Волшебник и повелитель Вотан весьма в малой степени может вызвать аналогию с богом-олимпийцем в общепри­нятом понимании этого термина. Об этом свидетельствует, собственно говоря, его имя. Корень его тот же, что и у сло­ва wut, которое означает «неистовство, исступление, одер­жимость». Оно наводит на мысль о шаманском экстазе, о том самом «зверином» трансе, в который, если верить Геродоту, впадали скифы, накурившиеся конопли. Средне­вековый автор Адам Бременский подчеркивал: «Вотан сиречь бешенство».

Коль скоро религия германцев благодаря контакту со степью претерпевает эволюцию и становится тем, что она есть, нас не может не заинтересовать одна ее определяю­щая особенность: сакрализация лошади, значение которой возрастает по мере возвеличения культа Одина. Конь ста­новится неразлучным товарищем этого бога и непремен­ным участником его свиты.

В самом эпизоде инициации Одина устанавливается четкая корреляция: испытание — Космическое древо — лошадь. Космическое древо — это виселица Одина. Оно — Мировой ясень. К нему Один и привязывает своего коня. Вера в то, что боги привязывают коней к Мировому древу, была распространена в Средней и Северной Азии.

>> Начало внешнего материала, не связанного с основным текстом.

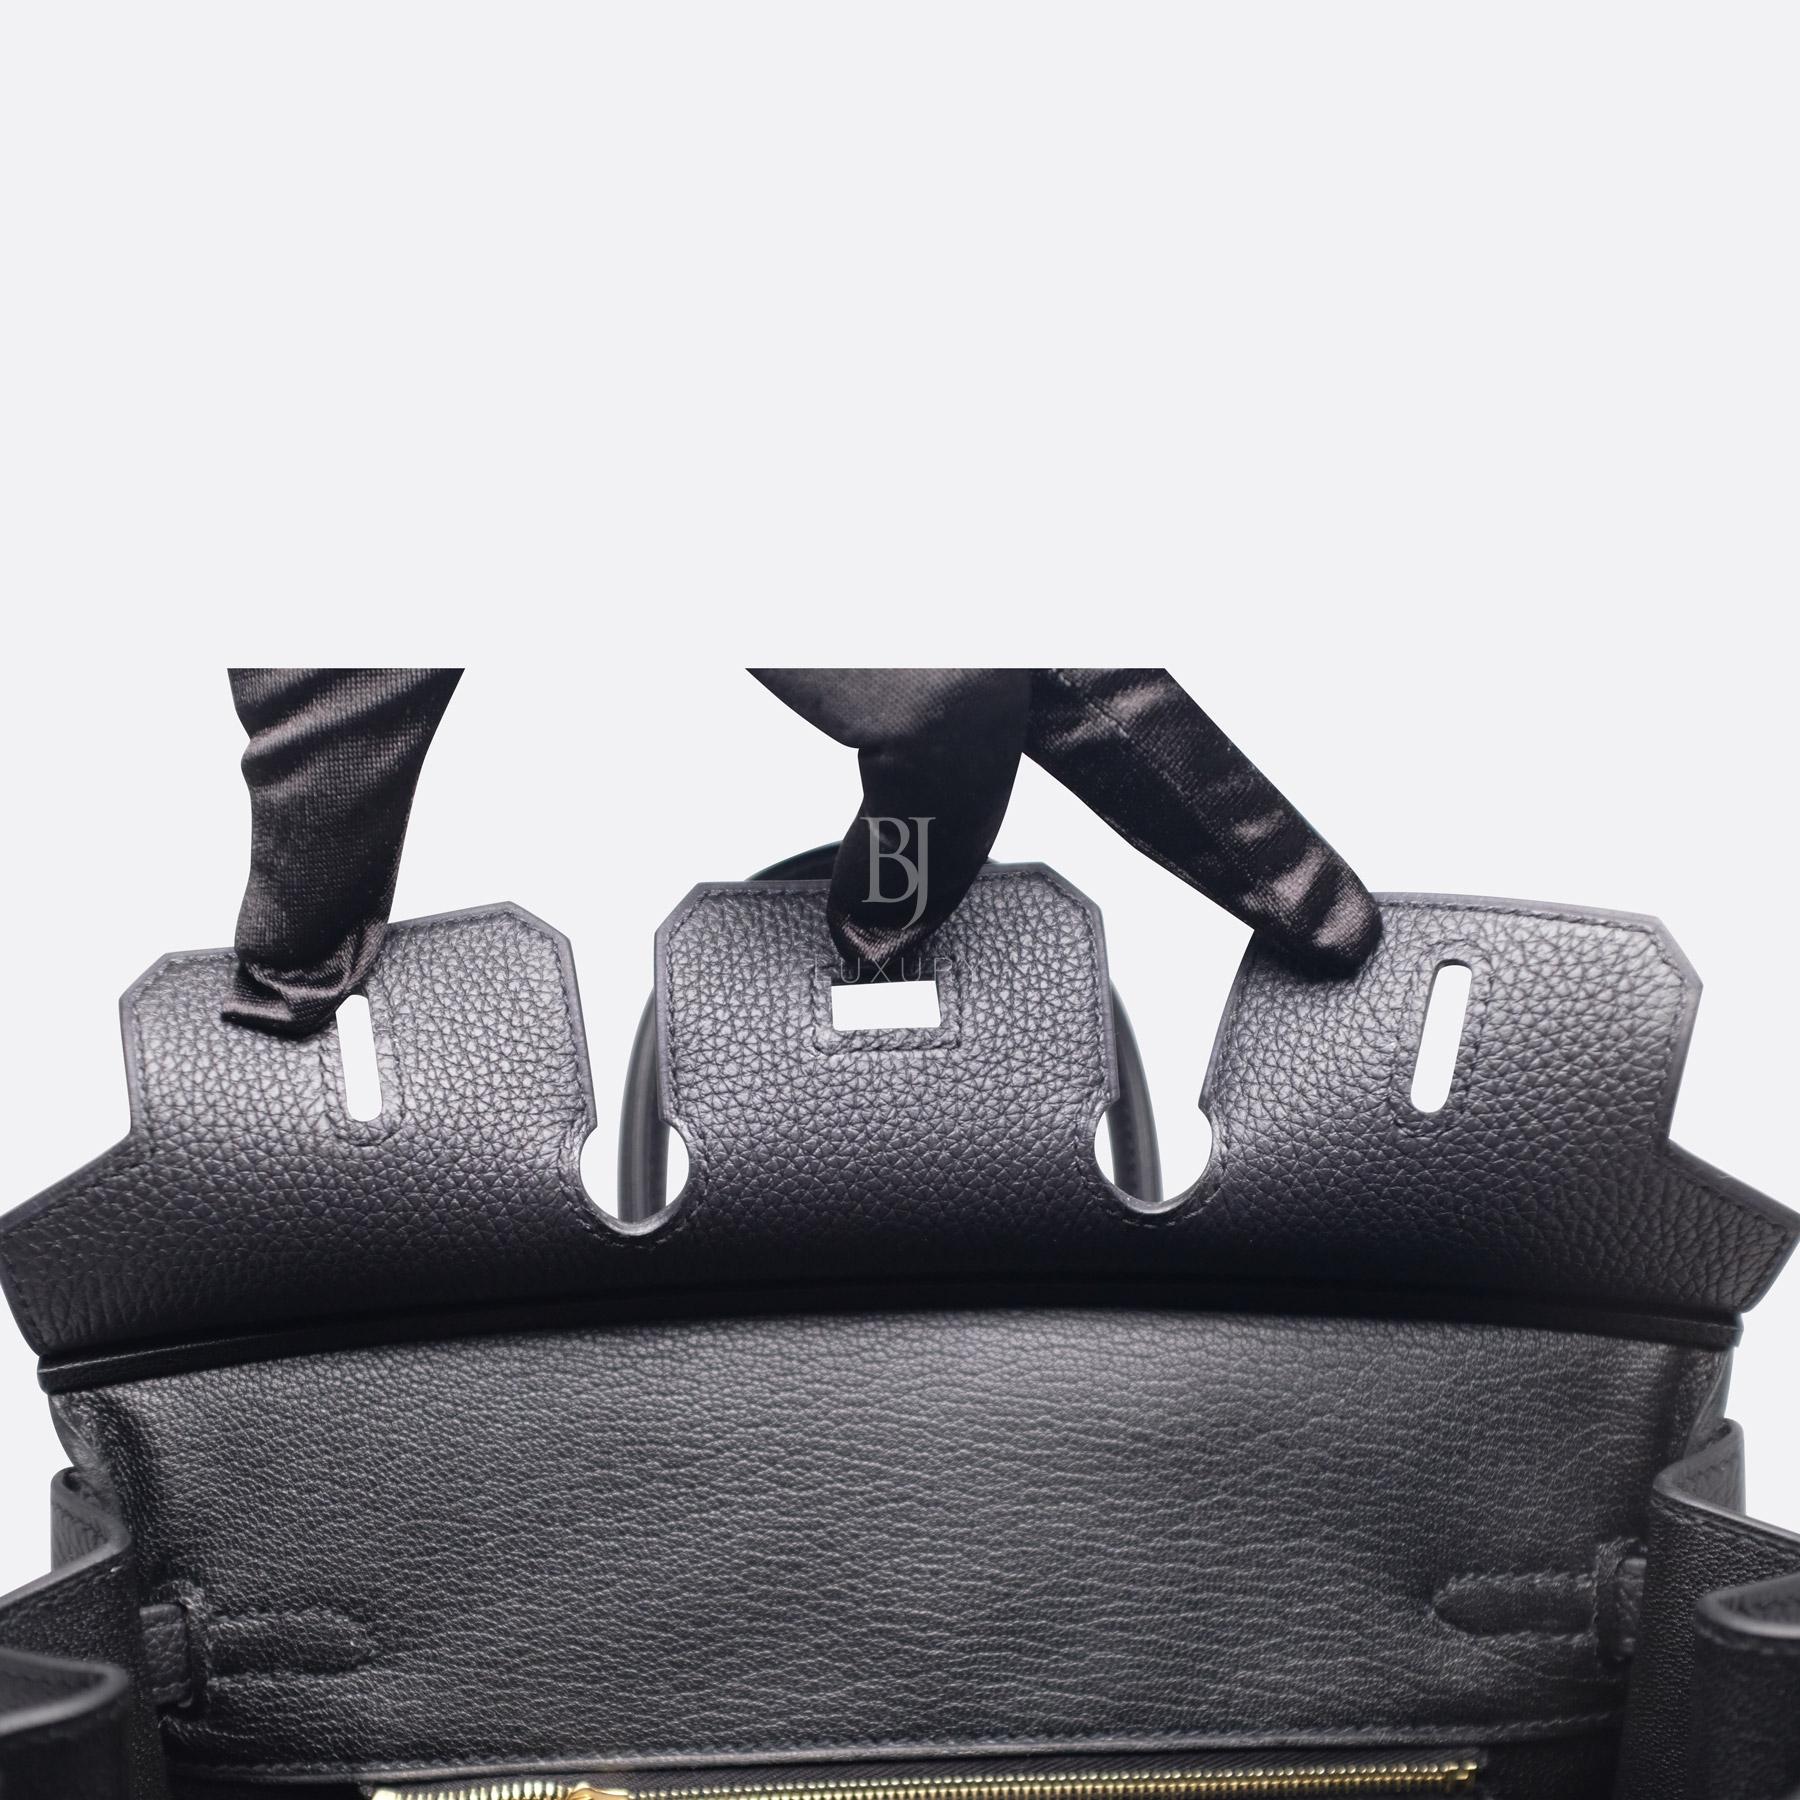 Hermes Birkin 25 Black Togo Gold Hardware BJ Luxury 2.jpg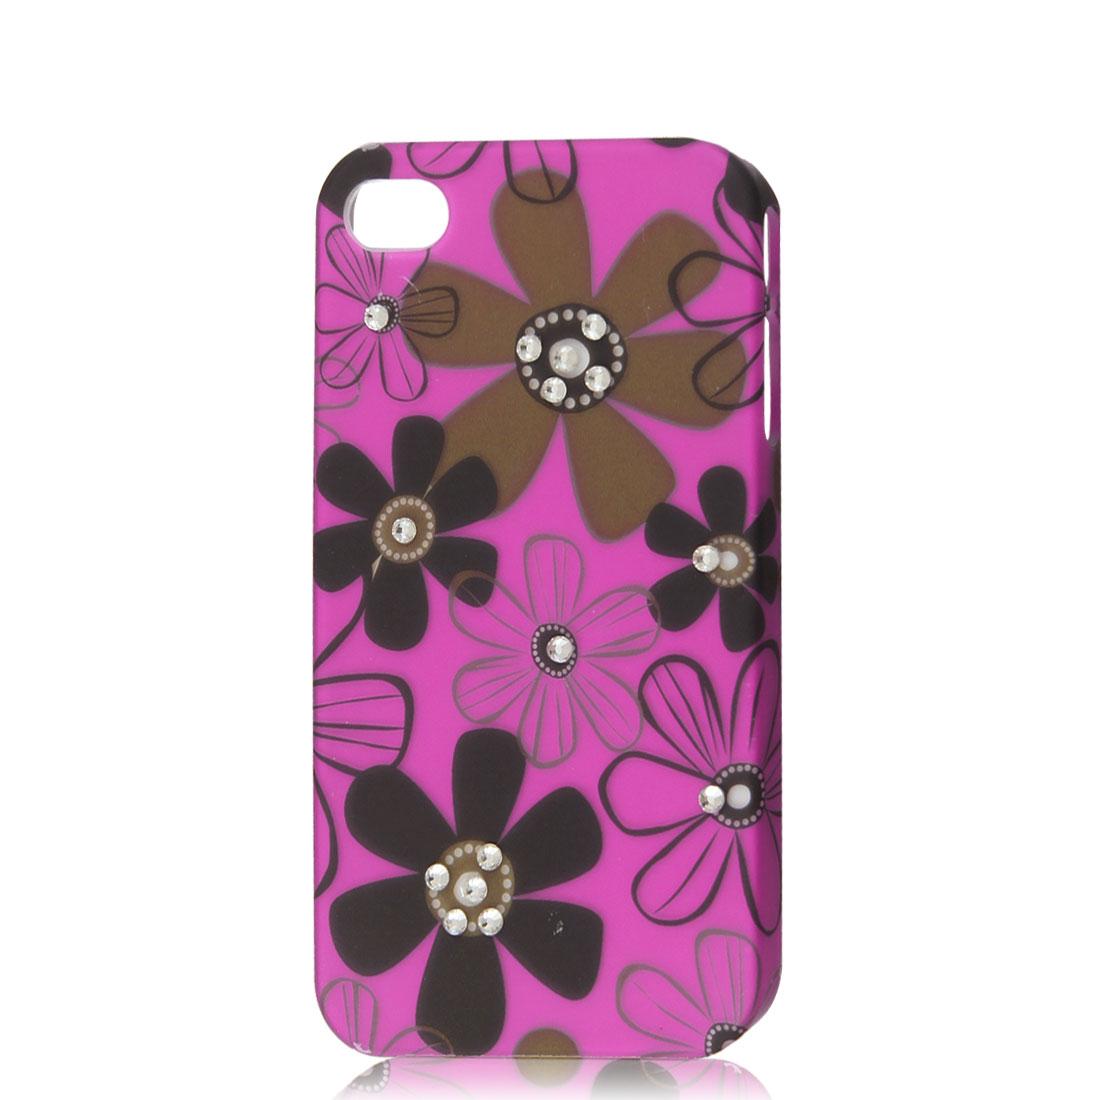 Fuchsia Rhinestone Flower Protective Hard Back Case Cover Skin for iPhone 4 4G

Итак, у Одина есть конь Слейпнир, шаманский скакун о восьми ногах. С его помощью бог общается с царством мертвых. Все вышесказанное о роли лошади в шаманском «путешествии», ее значении как провожатого усопшего, должно быть, проливает достаточно яркий свет на общ­ность религиозных представлений, в центре которых Вотан-Один. У бурят есть легенда, в которой тщательно про­водится различие между четырехногим обычным и восьминогим конем, являющимся плодом любви девушки с ша­манским прародительским духом. Снова перед нами восьминогий конь как средство общения с царством мертвых. Восьминогие кони встречаются не только в германских, но также и в японских мифах и ритуалах. Здесь они выпол­няют погребальную и эстетическую функцию. Известный исследователь Я. Пропп справедливо сближает образ многоногого коня с образом многоголового и многокрылого коня (хотя попытка Я. Проппа рационализировать данную символику — она означает, мол, чрезвычайно вы­сокую скорость передвижения — и представляется нам необоснованной).

Главный источник, обнажающий связь «Вотан-Один — конь — спуск в преисподнюю»,— это сага о Хадинге, со­держащаяся во второй части первой книги «Деяния данов» Саксона Грамматика. Хадинг, древний датский ко­роль, потерпел поражение в битве. Его спасает Один, яв­ляющийся в виде старика-слепца, и увозит на волшебном коне. Один дает королю отведать зелья, выпив которое тот, ведомый женщиной, посещает царство мертвых, при­сутствует при непрекращающихся сражениях, в которых участвуют герои, павшие на поле брани. Согласно другим вариантам. Один сам, оседлав коня, спускается в Хель (1). Там он заставляет прорицательницу предсказать будущее Бальдра (2). Ритуальная отчетливость всей этой сцены не­кромантии производит сильное впечатление. Оракул начи­нает вещать под действием песнопений «отца волшебных чар».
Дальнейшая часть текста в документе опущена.